Mordal: Automated Pretrained Model Selection for Vision Language Models
- URL: http://arxiv.org/abs/2502.00241v1
- Date: Sat, 01 Feb 2025 00:41:29 GMT
- Title: Mordal: Automated Pretrained Model Selection for Vision Language Models
- Authors: Shiqi He, Insu Jang, Mosharaf Chowdhury,
- Abstract summary: Mordal is an automated multimodal model search framework that efficiently finds the best VLM for a user-defined task without manual intervention.
Our evaluation shows that Mordal can find the best VLM for a given problem using up to $8.9times$--$11.6times$ lower GPU hours than grid search.

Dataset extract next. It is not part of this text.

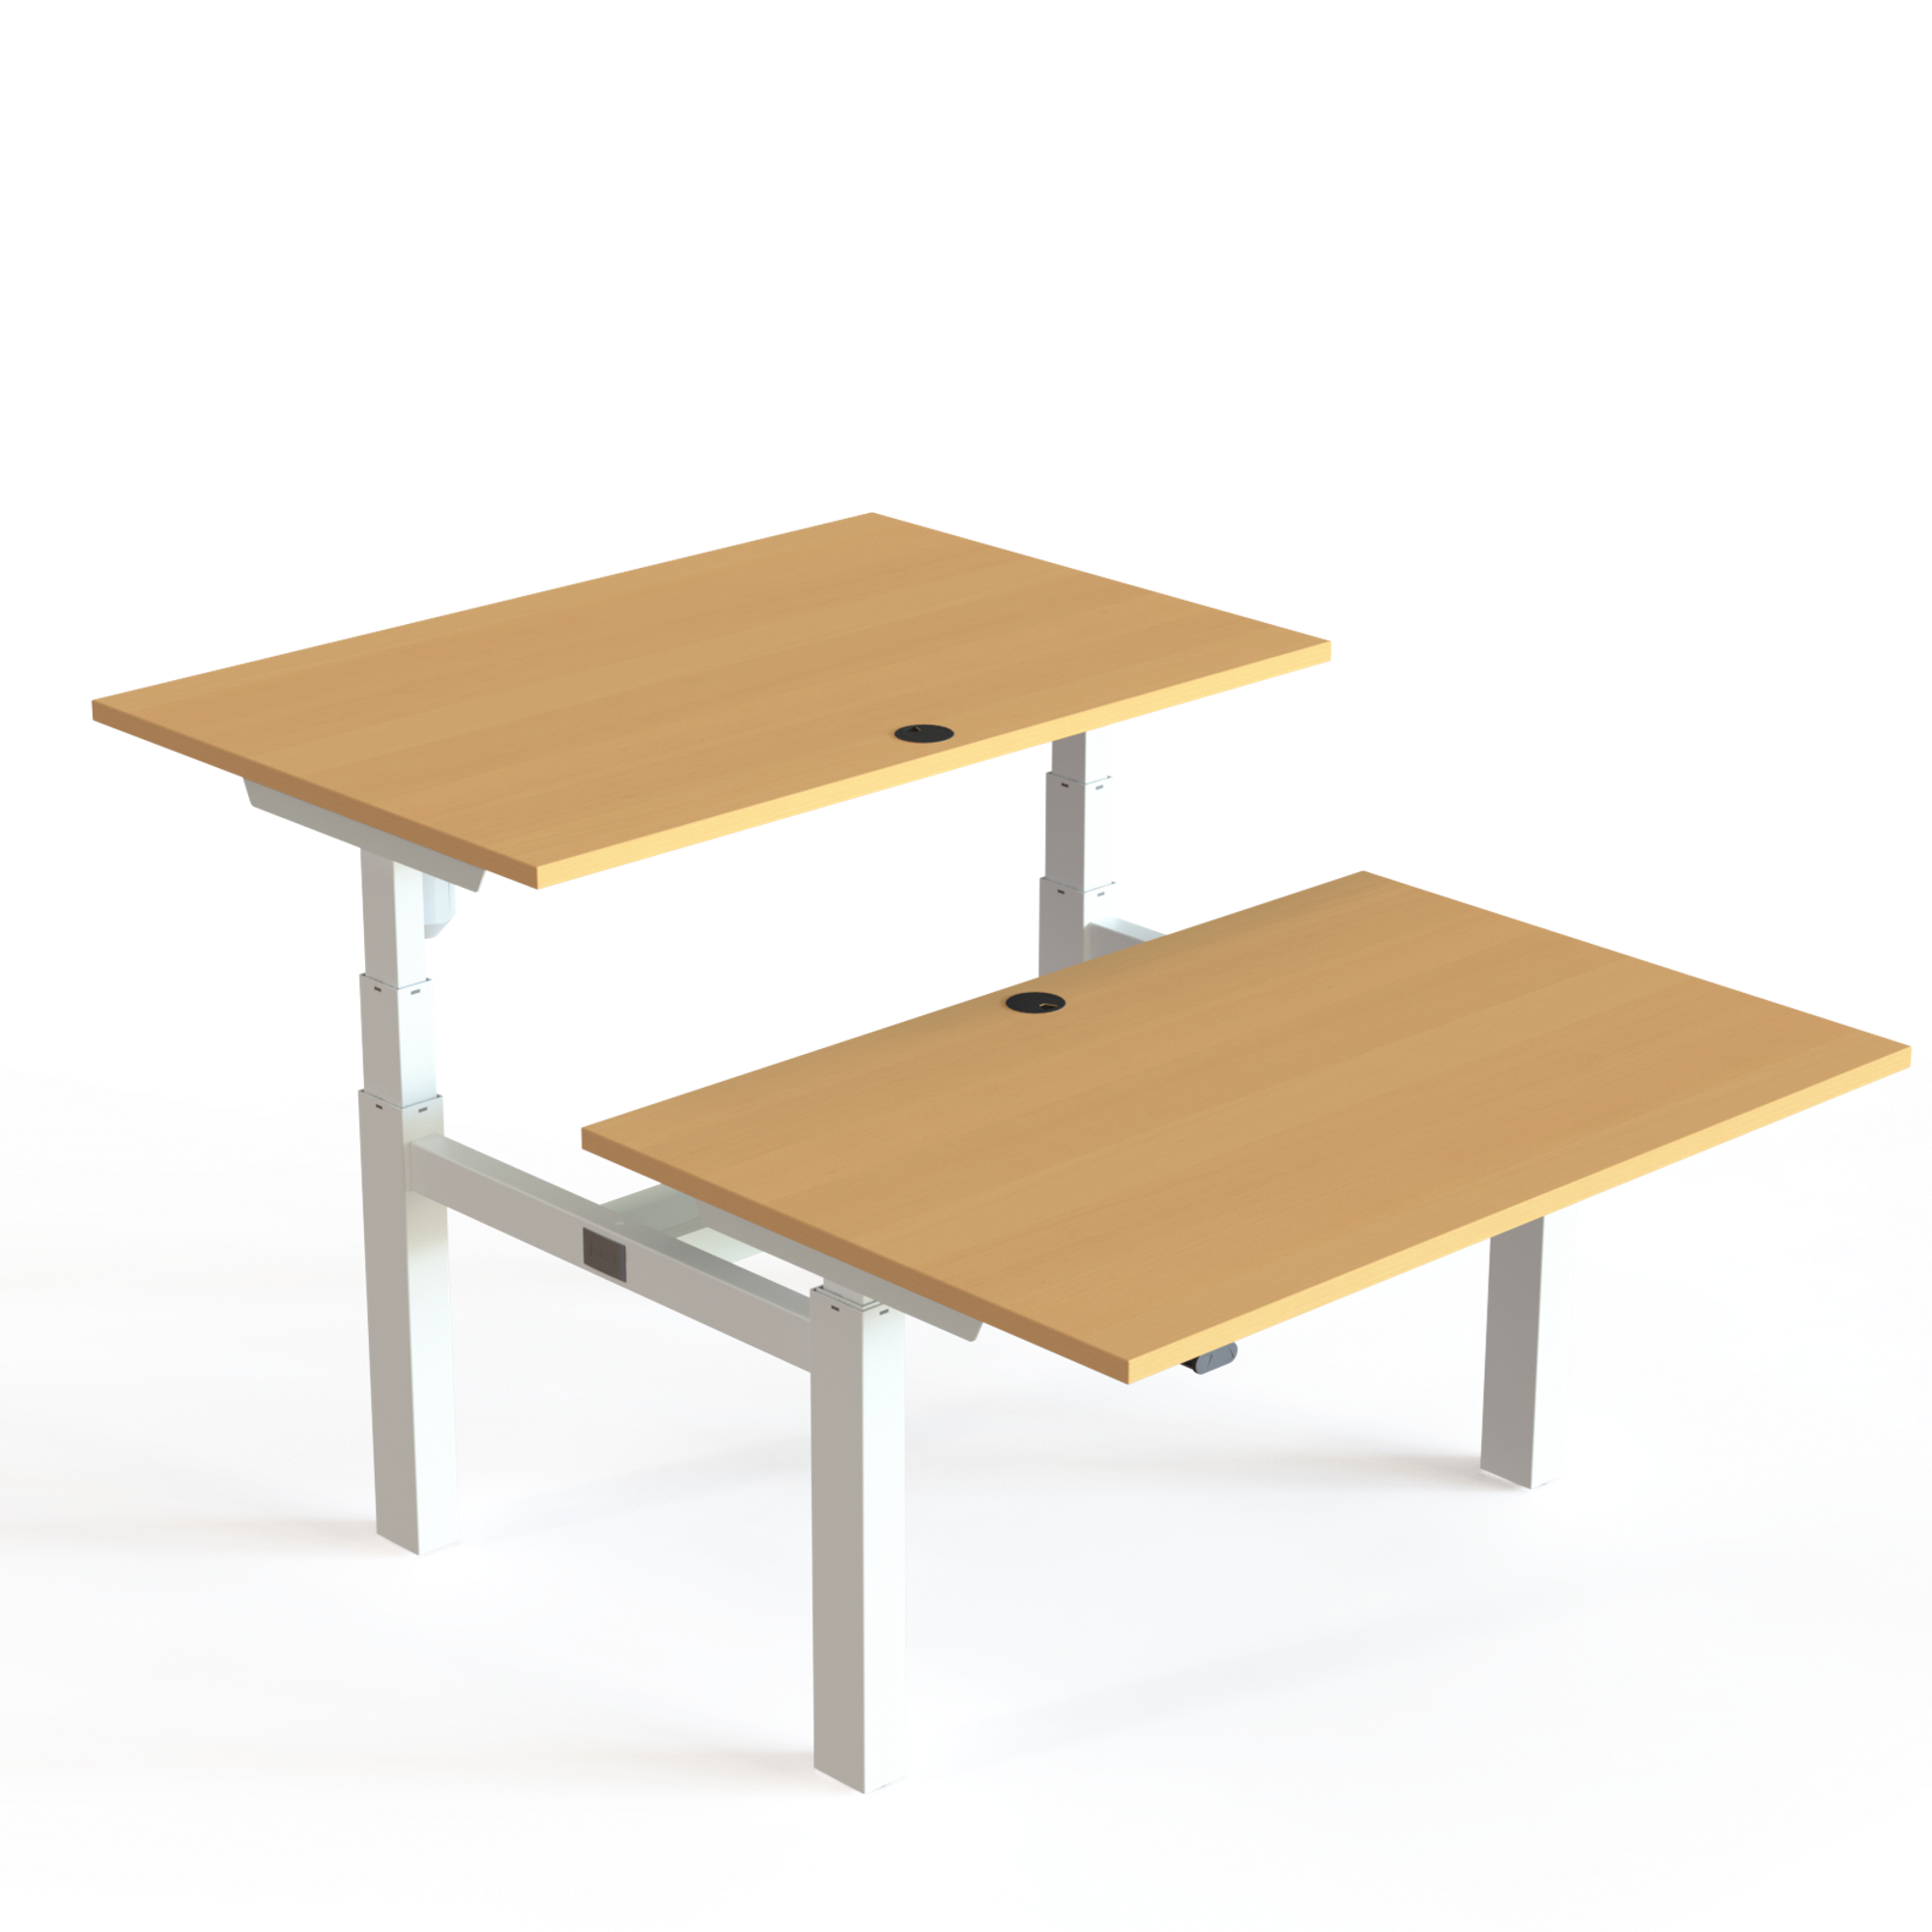 Electric Adjustable Desk | 120x80 cm | Beech with white frame

- Score: 4.339232569078834
- License:
- Abstract: Incorporating multiple modalities into large language models (LLMs) is a powerful way to enhance their understanding of non-textual data, enabling them to perform multimodal tasks. Vision language models (VLMs) form the fastest growing category of multimodal models because of their many practical use cases, including in healthcare, robotics, and accessibility. Unfortunately, even though different VLMs in the literature demonstrate impressive visual capabilities in different benchmarks, they are handcrafted by human experts; there is no automated framework to create task-specific multimodal models. We introduce Mordal, an automated multimodal model search framework that efficiently finds the best VLM for a user-defined task without manual intervention. Mordal achieves this both by reducing the number of candidates to consider during the search process and by minimizing the time required to evaluate each remaining candidate. Our evaluation shows that Mordal can find the best VLM for a given problem using up to $8.9\times$--$11.6\times$ lower GPU hours than grid search. In the process of our evaluation, we have also discovered new VLMs that outperform their state-of-the-art counterparts.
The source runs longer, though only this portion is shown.